Uma característica recorrente nos ataques em Jonglei é a extrema violência. Uma mulher, ferida a tiros e atendida por equipes de MSF em Pibor, disse que havia fugido para a mata com seu marido, filhos e outros 15 familiares. Após correr por mais de onze horas, eles foram encontrados por um grupo de homens armados que simplesmente abriram fogo. “Nós nos separamos. Eles acertaram minha coxa e o meu bebê, que estava nas minhas costas. Eu tentei me esconder na grama alta, mas, como o meu bebê estava chorando, eles me encontraram. Eles começaram a bater na minha filha até ela ficar quieta. Eles foram embora porque acharam que estávamos mortos”. O filho desta mulher levou um tiro no peito, mas felizmente sobreviveu após ser atendido pelas equipes de MSF.

MSF está seriamente preocupada com a saúde e o bem-estar da população civil que teve que fugir. Essas pessoas estão se escondendo na mata, com pouco ou nenhum abrigo e acesso limitado a alimentos, portanto mais suscetíveis a doenças. E quando eles voltam para casa, é comum encontrarem apenas cinzas onde suas casas costumavam ficar.

Lekwongole, uma aldeia no norte da cidade de Pibor, onde MSF tem uma clínica, praticamente não existe mais, e tudo que restou da clínica no local são o piso e as paredes de concreto. “As pessoas me contaram que durante o dia elas se aventuram a sair de seus esconderijos em busca de alimento ou de cuidados médicos, que MSF voltou a oferecer no dia 18 de janeiro. Mas à noite eles voltam a se esconder na mata, onde correm um risco ainda maior de contrair malária ou infecções respiratórias”, disse a coordenadora de projeto Karel Janssens. Em Pibor, aproximadamente metade das consultas realizadas desde o dia 7 de janeiro foram casos de malária.

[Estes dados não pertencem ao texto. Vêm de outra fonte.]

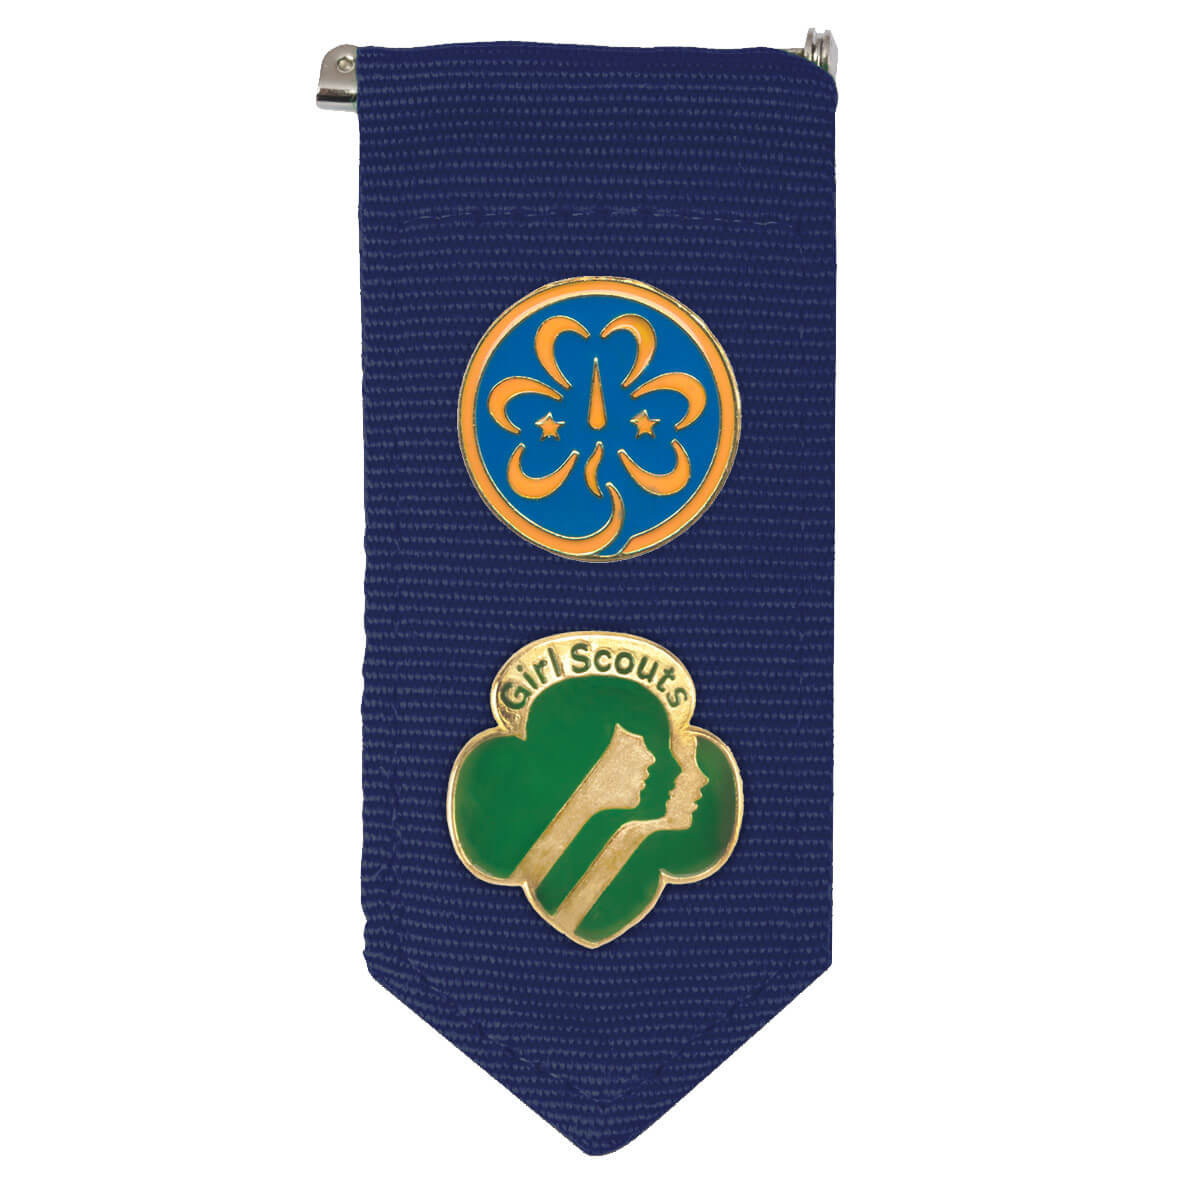 Girl Scouts 14151 Insignia Tab, Polyester, Navy Blue - 2

Um padrão muito preocupante está se evidenciando no Sudão do Sul, onde as pessoas – e seus já escassos recursos – estão sendo deliberadamente alvejadas por todos os grupos armados envolvidos nos conflitos internos. Hospitais, clínicas e fontes de água também são alvos desta violência, o que sugere que a tática destes grupos é privar as pessoas dos cuidados essenciais de sobrevivência exatamente quando elas mais precisam, que é quando fogem para a mata. Para Colette Gadenne, coordenadora de operações de MSF no Sudão do Sul, o mais preocupante da situação é que a população civil está sendo alvejada. “Após esses ataques, muitas mulheres e crianças que levaram tiros, ou que foram esfaqueadas ou espancadas, estão procurando MSF. Elas acham que estão seguras escondidas na mata, mas, pelo visto, fugir não é o suficiente.”

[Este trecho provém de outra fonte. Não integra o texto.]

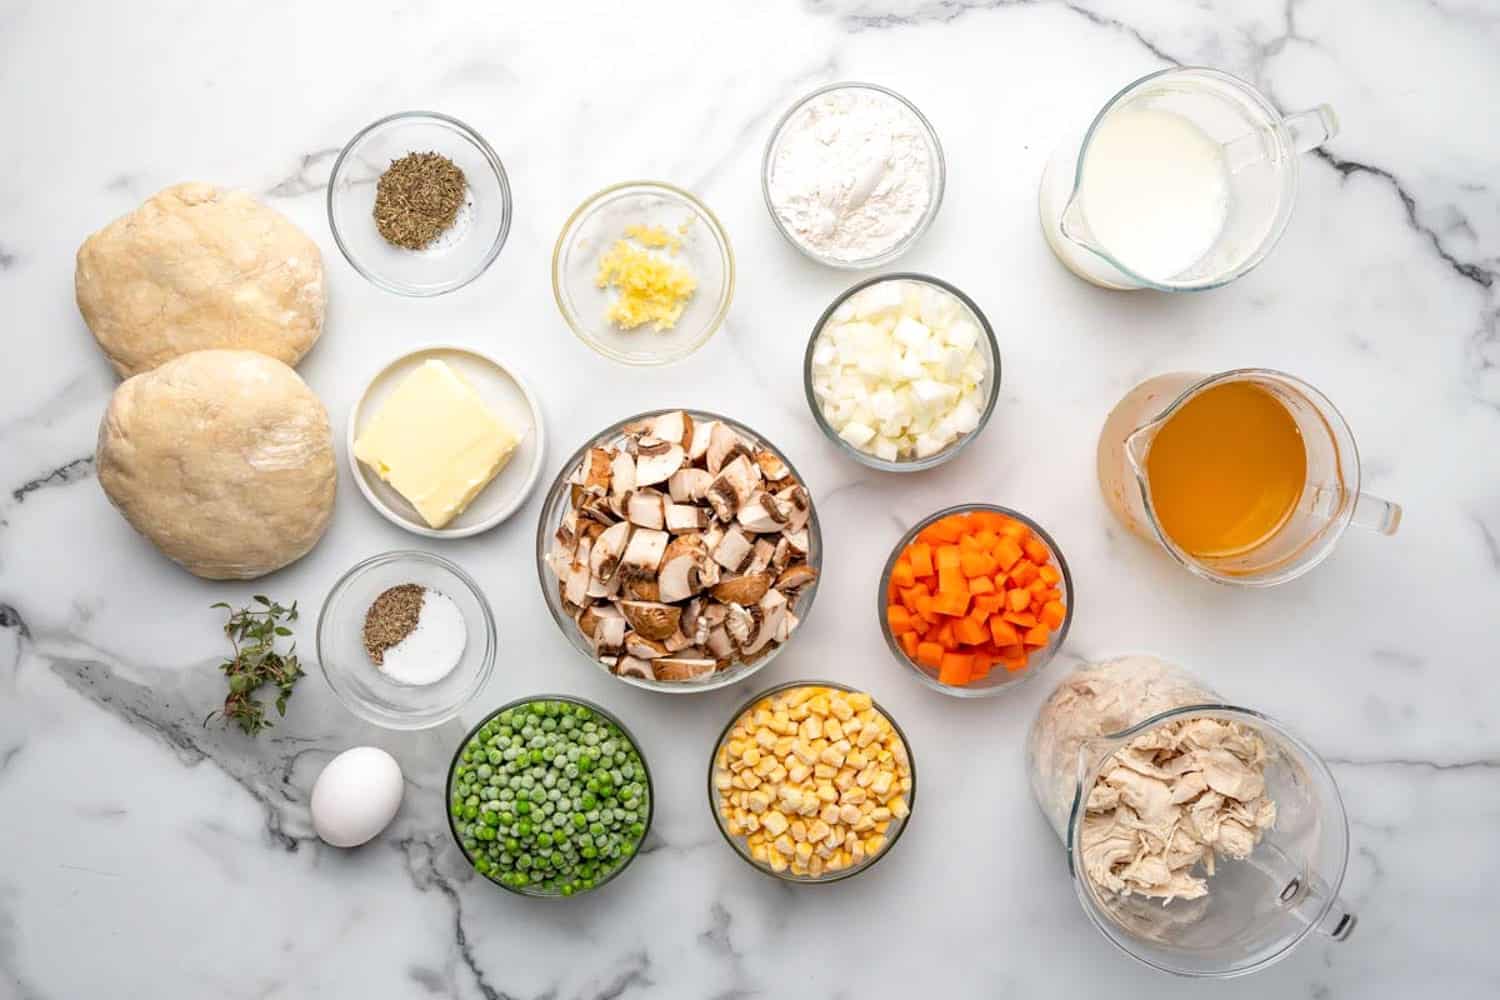 The ingredients needed to make a homemade chicken pot pie

Em seu relatório “Encarando a realidade: a crise na saúde se agrava à medida que a violência aumenta no sul do Sudão”, lançado em dezembro de 2009, MSF documentou o crescimento da violência interna nos estados de Jonglei e do Alto Nilo, bem como seu impacto na população civil. MSF tratou 392 pacientes feridos em episódios de violência naquele ano, e estima que 86 mil pessoas foram deslocadas. A situação ainda não melhorou. Nos últimos seis meses, a organização já tratou mais de 250 pacientes vítimas da violência apenas no estado de Jonglei. A maioria, mulheres e crianças.

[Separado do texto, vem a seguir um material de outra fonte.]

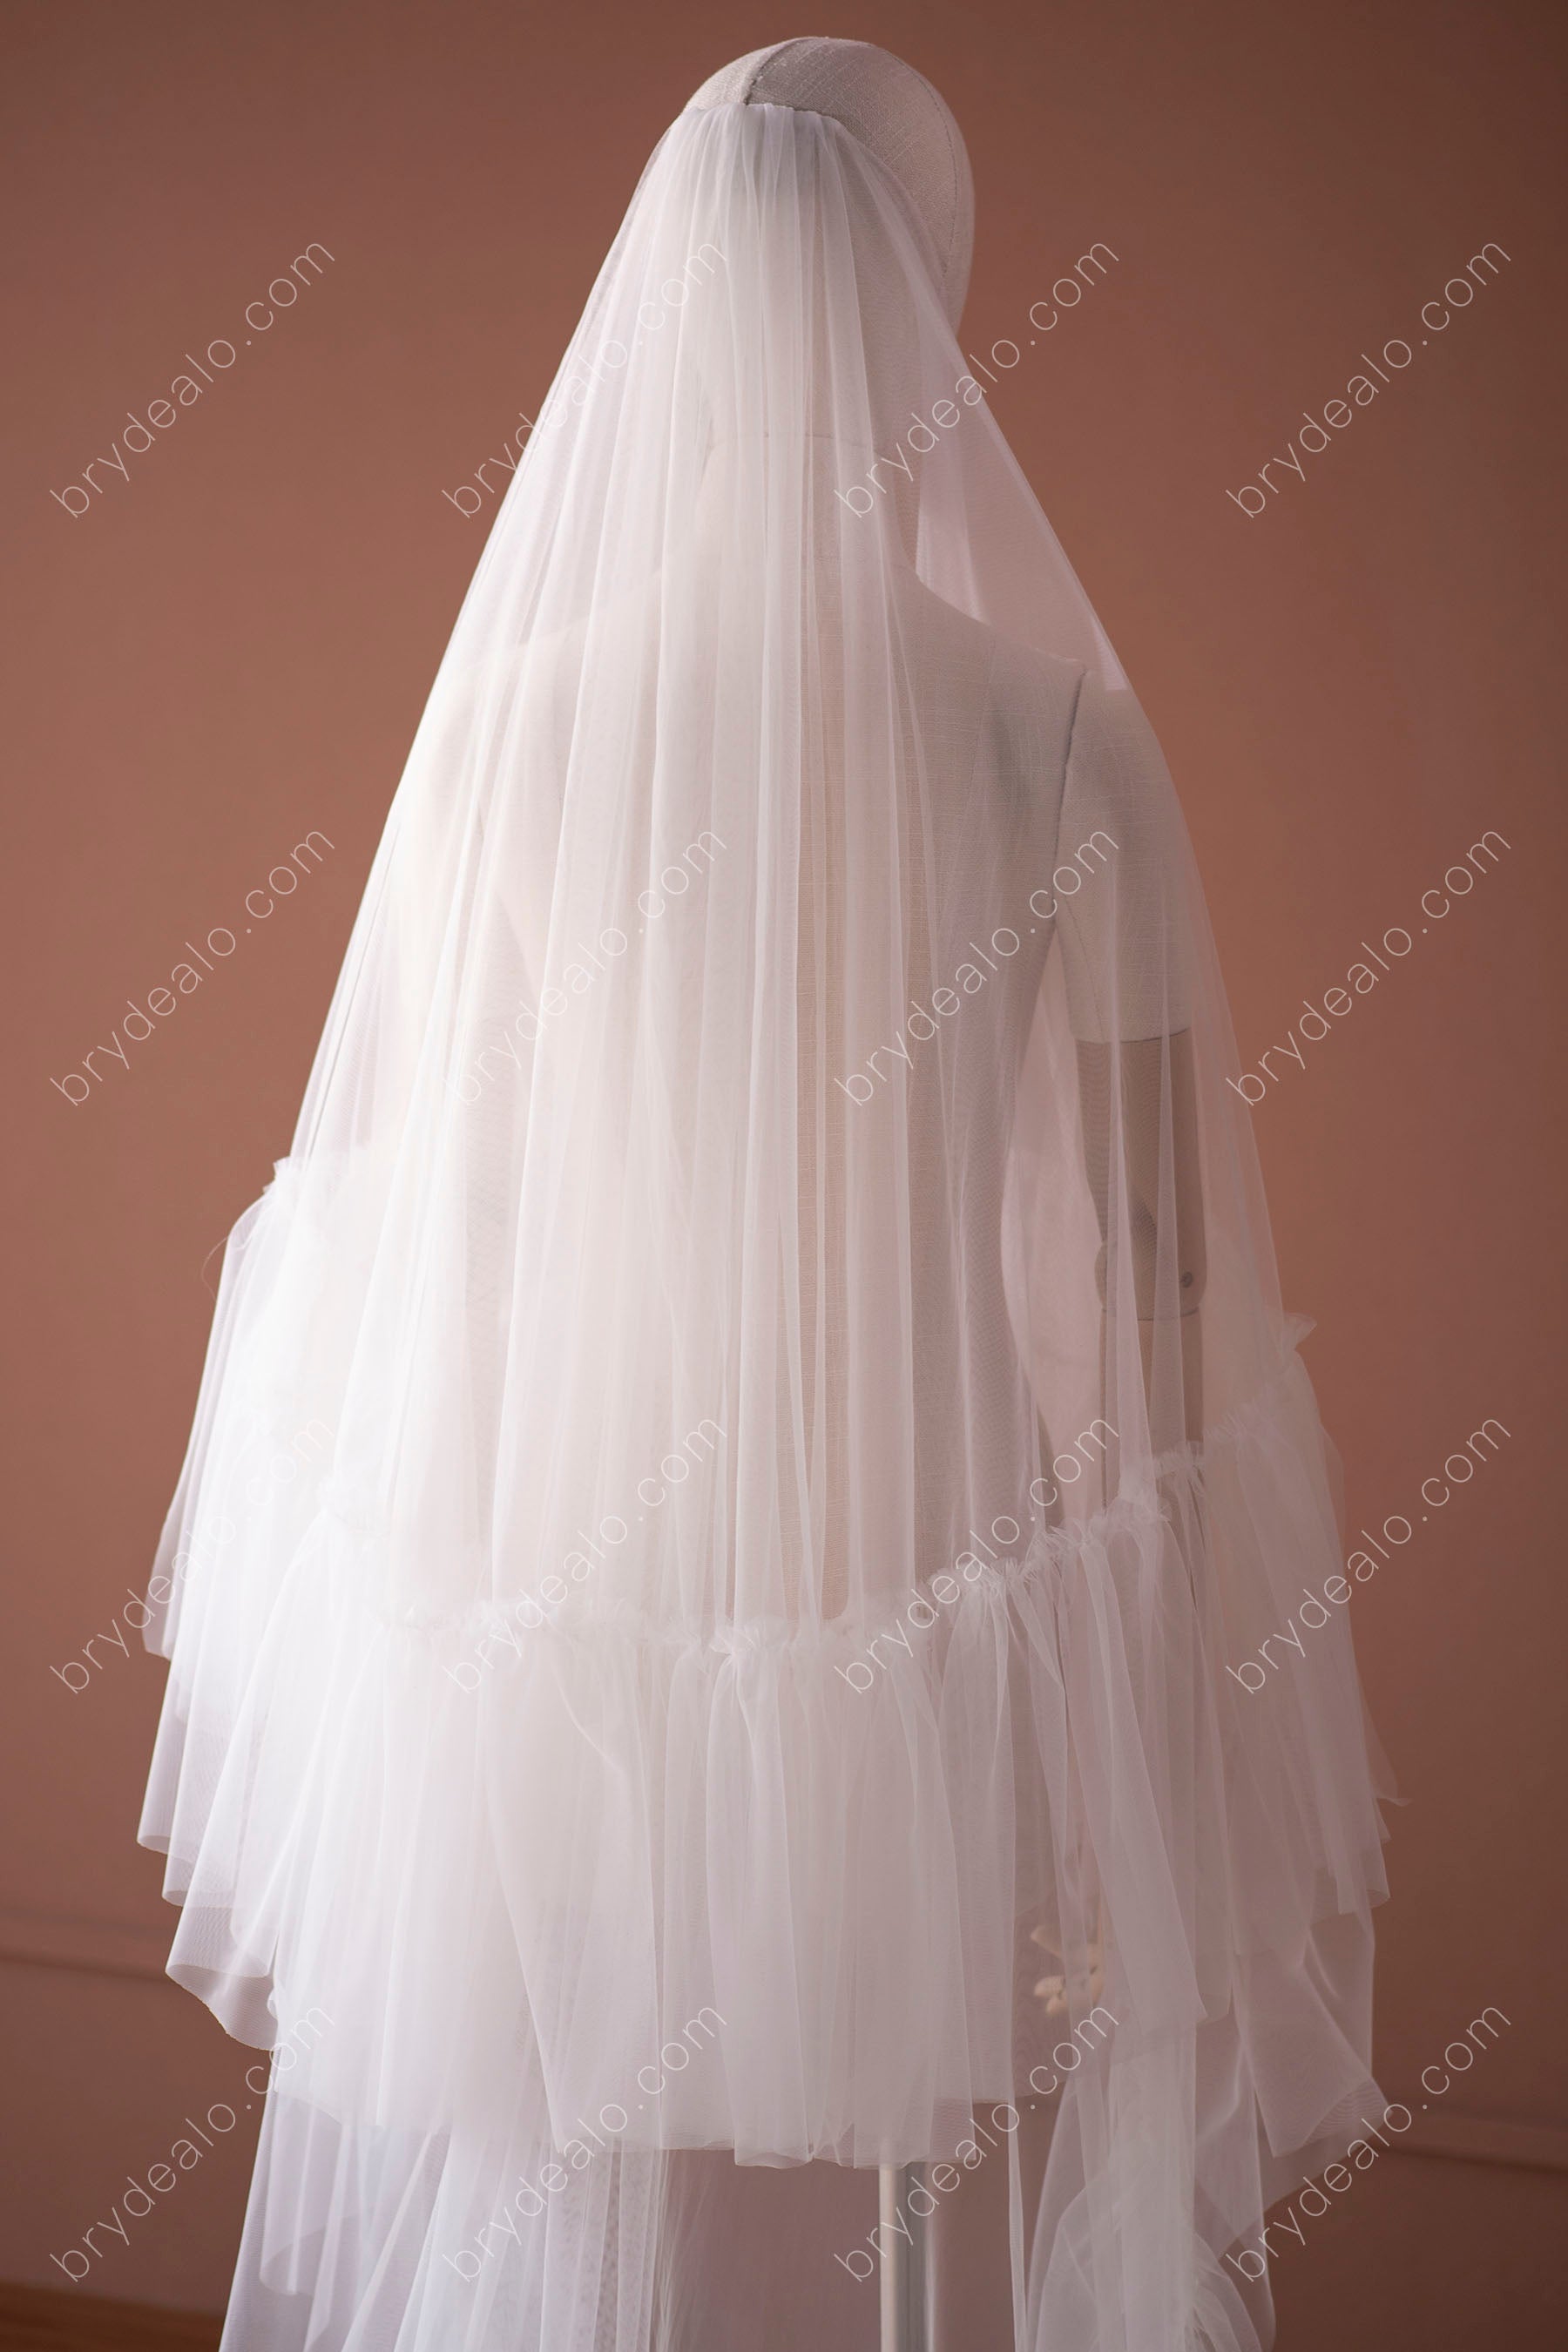 Brydealo Factory Two-Tier Cathedral Length Ruffled Bridal Veil

MSF está presente no Sudão do Sul desde 1978, e atualmente mantém mais de uma dezena de projetos em oito estados. A organização gerencia suas próprias instalações médicas também dá apoio a centros do Ministério da Saúde em seis locais dentro do estado de Jonglei, oferecendo cuidados médicos básicos, alimentação terapêutica e tratamento contra calazar e tuberculose, atendendo uma população de cerca de 285 mil pessoas. Em 2011, as instalações médicas de MSF em Lekwongole, Pibor e Pieri foram alvejadas e destruídas ou saqueadas durante episódios de violência interna. MSF condena veementemente qualquer ataque à população civil e de equipes médicas, por qualquer grupo armado.